The Luminous Dead
Page 7
It was the dossier of a young man, complete with the same records she’d just been viewing of herself: biometrics, cache levels, location in the cave system. It was dated two years ago, and, while the narrative was terse, it described his first week and a half in the cave in exacting detail.
He’d made it as far as the sump, full by that point in the season, but something had gone wrong. His suit had malfunctioned, according to the notes. Its filter canisters had failed less than fifteen minutes into the dive, and he’d drowned, panicking and opening his helmet when he realized he wasn’t getting any more air.
According to the notes, his body had been retrieved on a cache resupply at the start of the next season.
This was it. The list of Em’s failures. Gyre’s throat closed up as she stared at the thirty-five files.

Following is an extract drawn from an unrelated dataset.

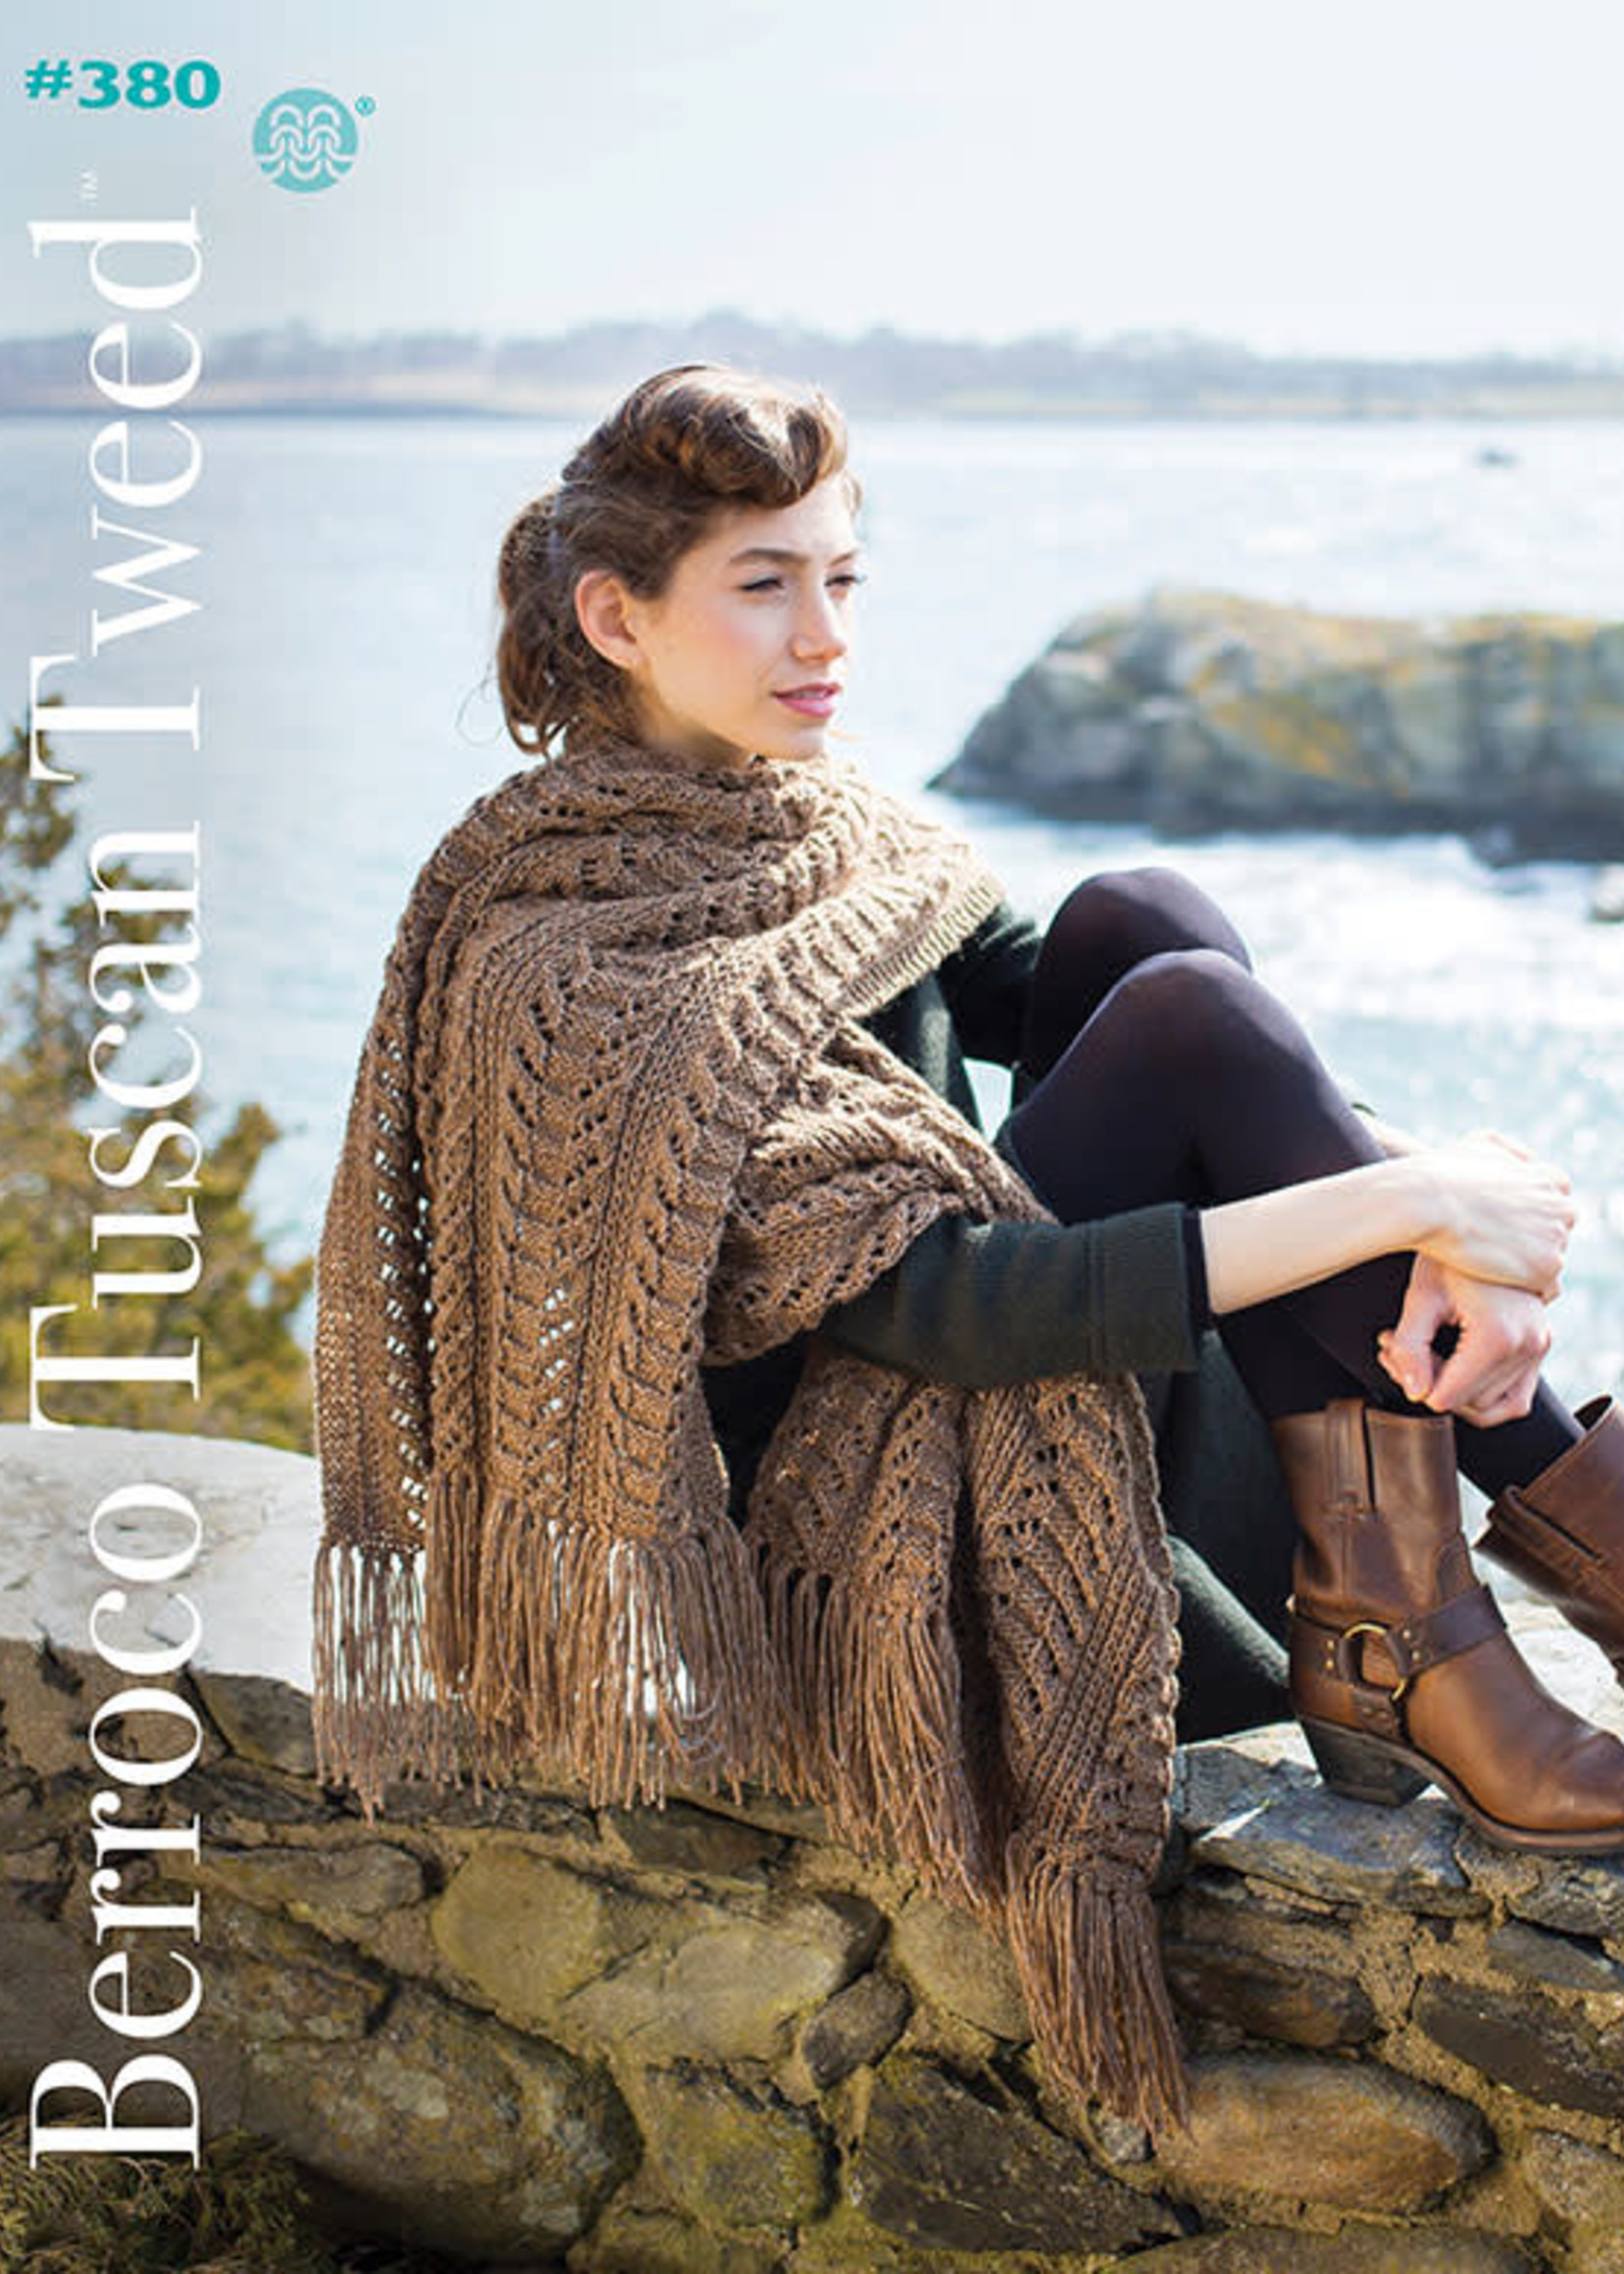 Berroco Tuscan Tweed Booklet #380

How many? How many cavers had died before her? How many of the thirty-five had made it out?
Had any?
She skimmed through the other dossiers and found the one for the man at Camp Two. Adrian Purcell. He’d likely be retrieved at the start of next season, she thought. And the caver here? Had they been from the start of this season too, or was retrieving them too difficult, too dangerous? Obviously something or somebody restocked the caches, but was it equipped to pull bodies through numerous sumps, and up and down the ascents and drops she’d found?
If I die down here, will she even try to get me out?
“Em?” she asked.
No response. She was still away from her console.

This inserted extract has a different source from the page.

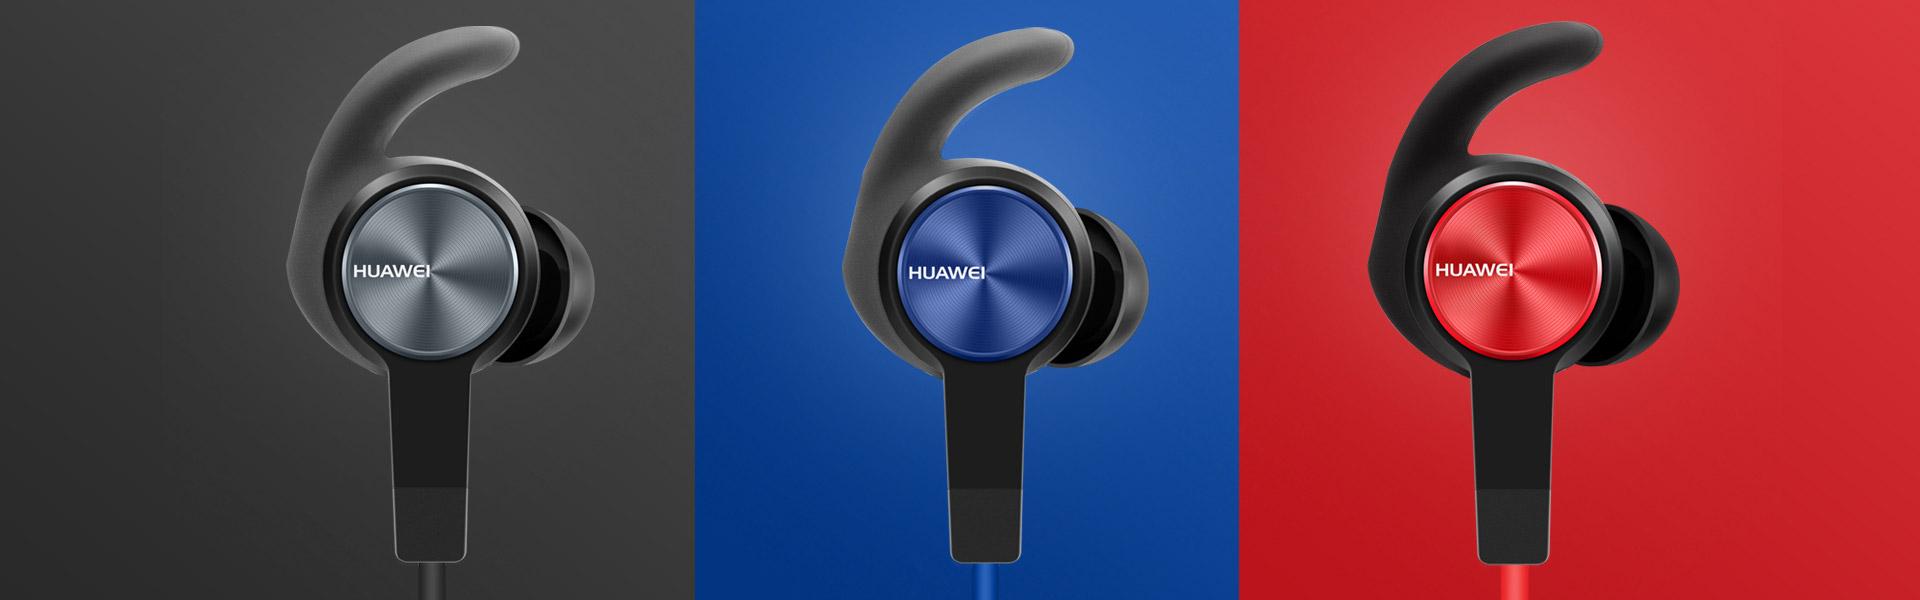 Huawei Sport Headphones Lite Accessories Huawei Saudi Arabia

Gyre kept one eye on the rest of the cavern as she read through the dossiers. There were still at least two sumps ahead of her, depending on the path Em wanted her to take, and nobody had made it past the last. Two more caches were supposed to be between her and that last camp. Five to six cavers made an attempt every year, and only eight had survived in seven years. It was a horrific number. Twenty-seven dead, in total.
Twenty-seven dead out of thirty-five.
She was going to be sick.
Gyre staggered to her feet, leaning on the nearby wall and taking deep breaths. She closed her eyes against the files still open on her screen. Twenty-seven out of thirty-five. Fuck, she was going to die, just like the rest of them. And Em hadn’t seen fit to tell her any of this, not after Gyre had found Adrian’s corpse in Camp Two, not after she’d told Gyre about her own team.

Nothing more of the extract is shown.